Kevin Maguire says British Jews and Muslims both live in fear as the Middle East conflict spirals out of control, one year on from Hamas’ attack on southern Israel

War has already started in the Middle East and the “vile hatred” against Jews and Muslims in Britain, which Keir Starmer condemns, is already here.

The upsurge in stomach-churning anti-Semitism and Islamophobia, deplored by the Prime Minister, is witnessed on our streets and read on social media. Stopping it spreading then turning the tide is the only principled position yet too many MPs, mostly on the Right, detect gain in whipping up the mob.

Nigel Farage refused to apologise for inflaming conspiracy theorists who falsely claimed the Southport killings were by a Muslim asylum seeker – the suspect is British-born. But it fuelled attacks on police, nurses, taxi drivers, members of the public, mosques, hotels, shops and, in Sunderland, a Citizens Advice Bureau.

He wasn’t alone, however. On the first anniversary of the horrific Hamas pogrom that a year ago slaughtered 1,200 Israelis and seized 250 hostages, the tinderbox tensions are worsening not lessening. British Jews and Muslims both live in fear as the Middle East conflict spirals out of control. Benjamin Netanyahu’s vengeful settler government slaughtering 42,000 in Gaza and now striking Lebanon is killing more civilians than it is Hamas and, very likely, Hezbollah enemies.
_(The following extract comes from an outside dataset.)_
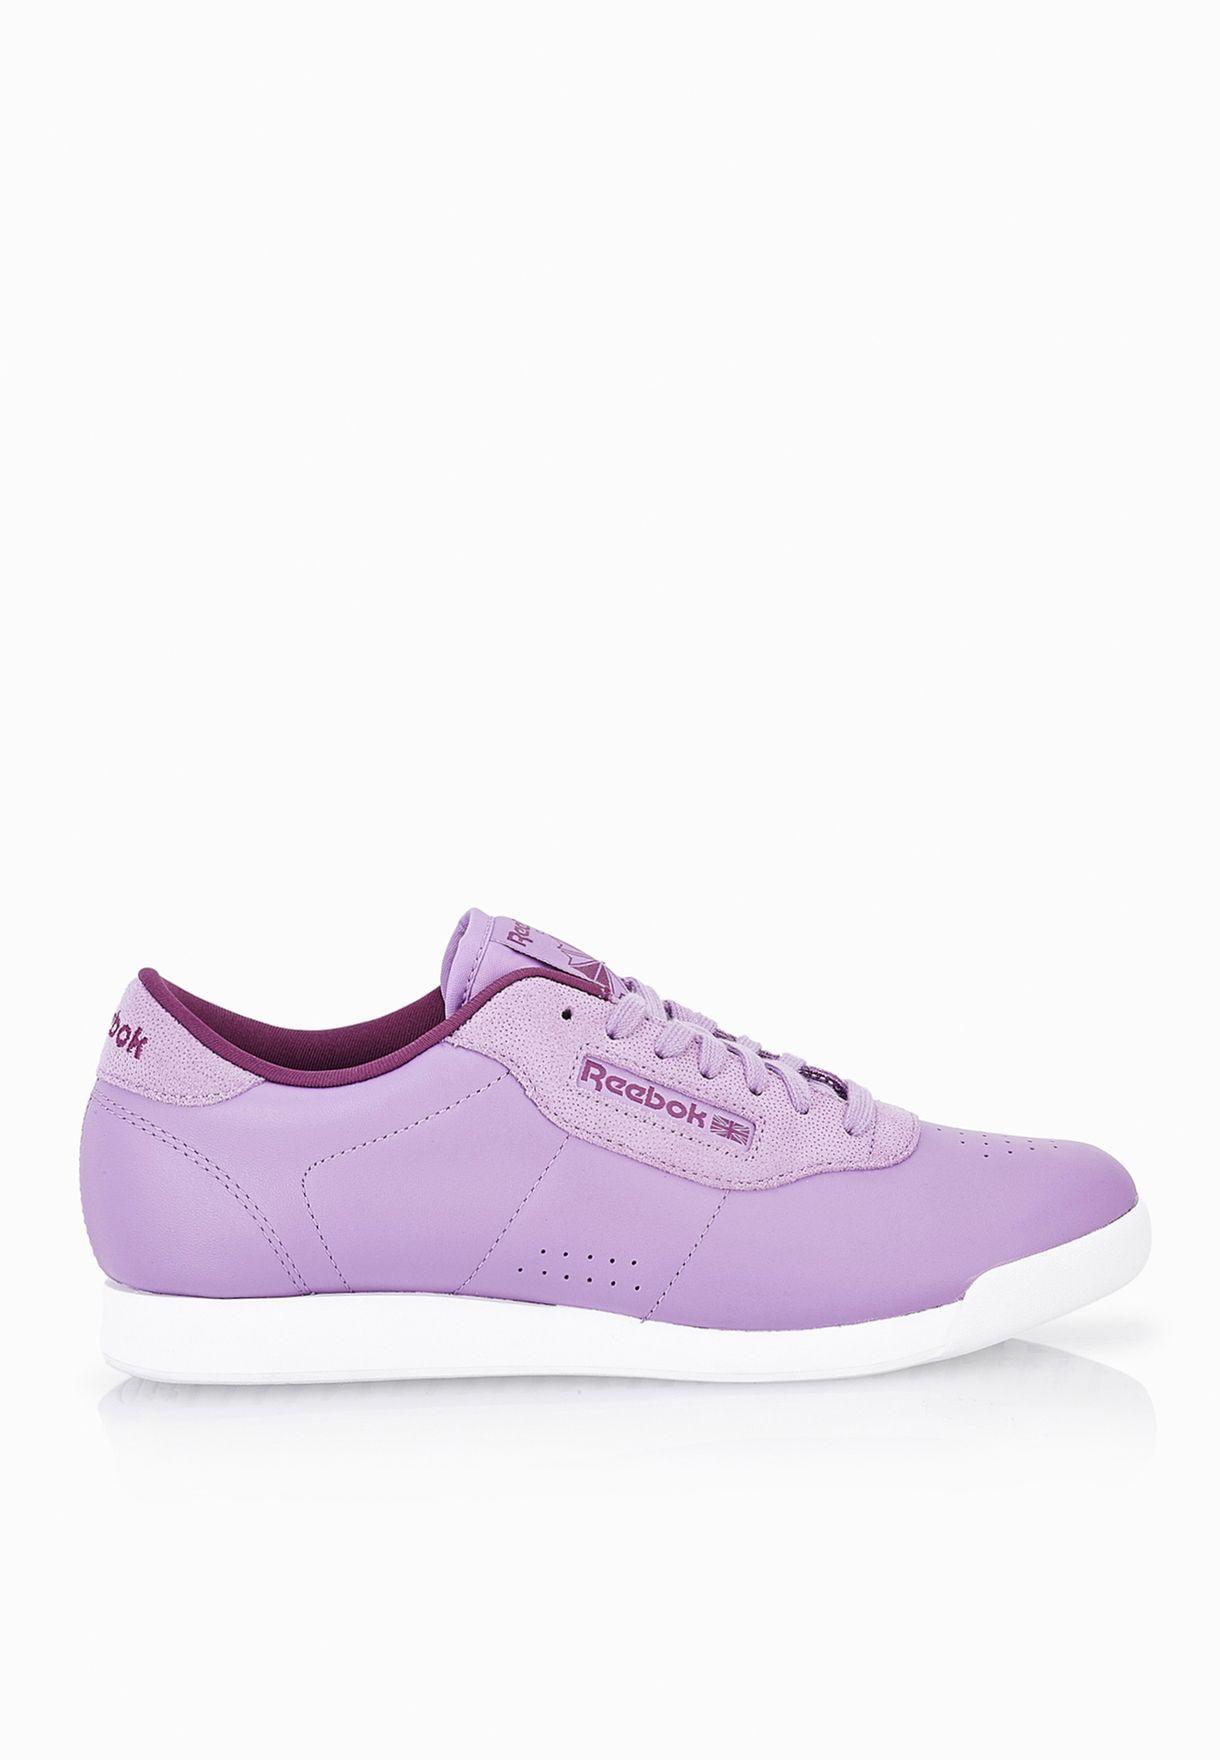 3d29656040f70 Shop Reebok purple Princess Candy Girl V69502 for Women in Oman ...
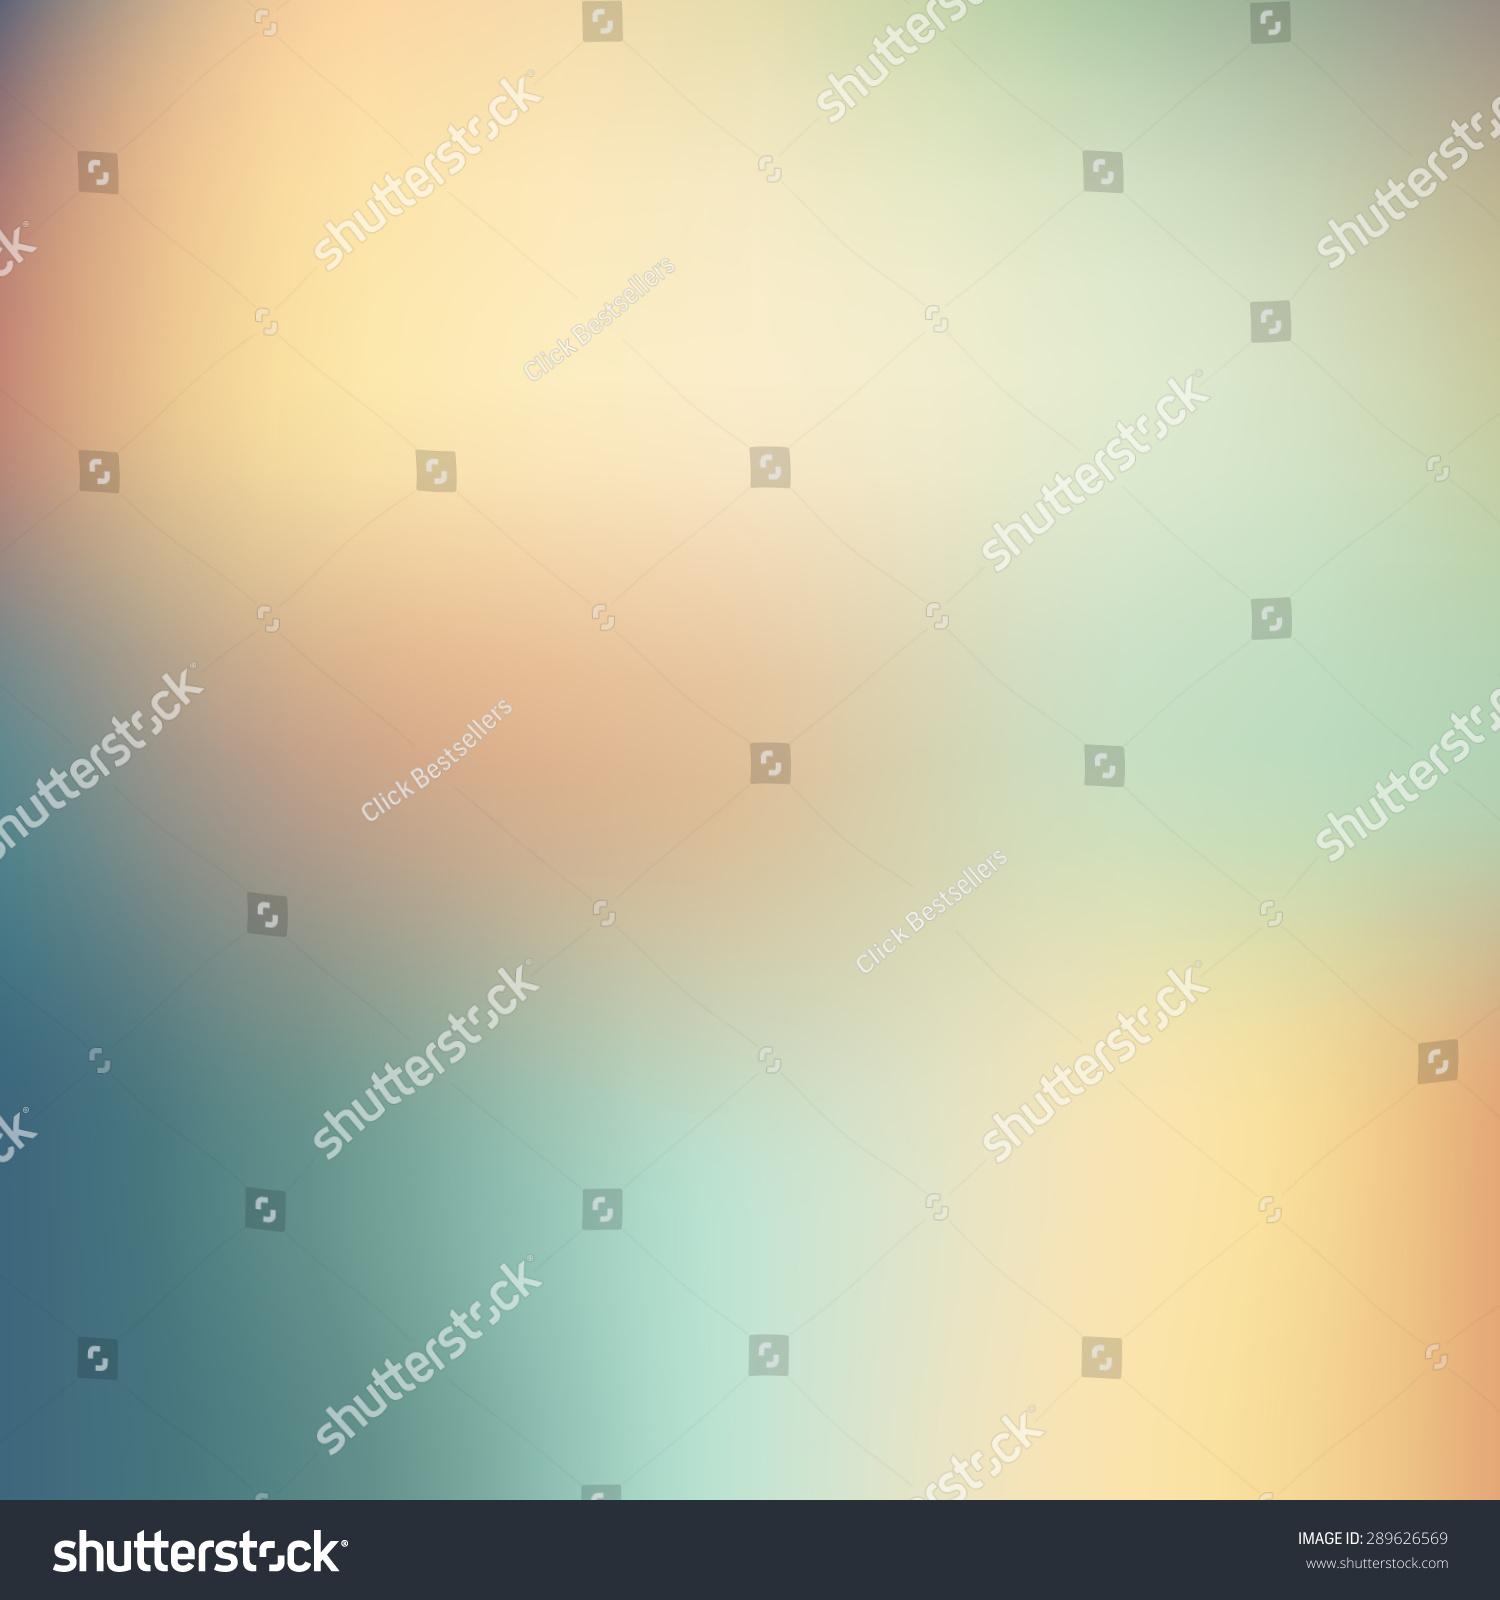 Vector Illustration Instagram: Vector Illustration Smooth Colorful Background Eps 10

The conflict with Tehran’s authoritarian religious rulers will, unless checked, result not only in fresh bloodshed but potentially huge financial mayhem here, when Iran is the world’s seventh largest oil producer and a fifth of the globe’s consumption passes through the narrow Strait of Hormuz. October 7 changed UK politics. Starmer initially backed Israel cutting water, food, power and medical supplies to Gazans – a war crime – resulting in four Muslim independents taking Parliamentary seats from Labour.

Next election it could be more. Starmer isn’t viewed as neutral in Muslim communities, when the RAF will shoot down Iranian drones but not Israeli missiles killing Palestinians and Lebanese. Jewish supporters of Israel and their allies protest that blocking 30 arms licences was unjustified. Calling for calm, protecting all British citizens, prosecuting racists and striving for peace are all legitimate but the Prime Minister taking Israel’s side, which he has, comes at a political cost.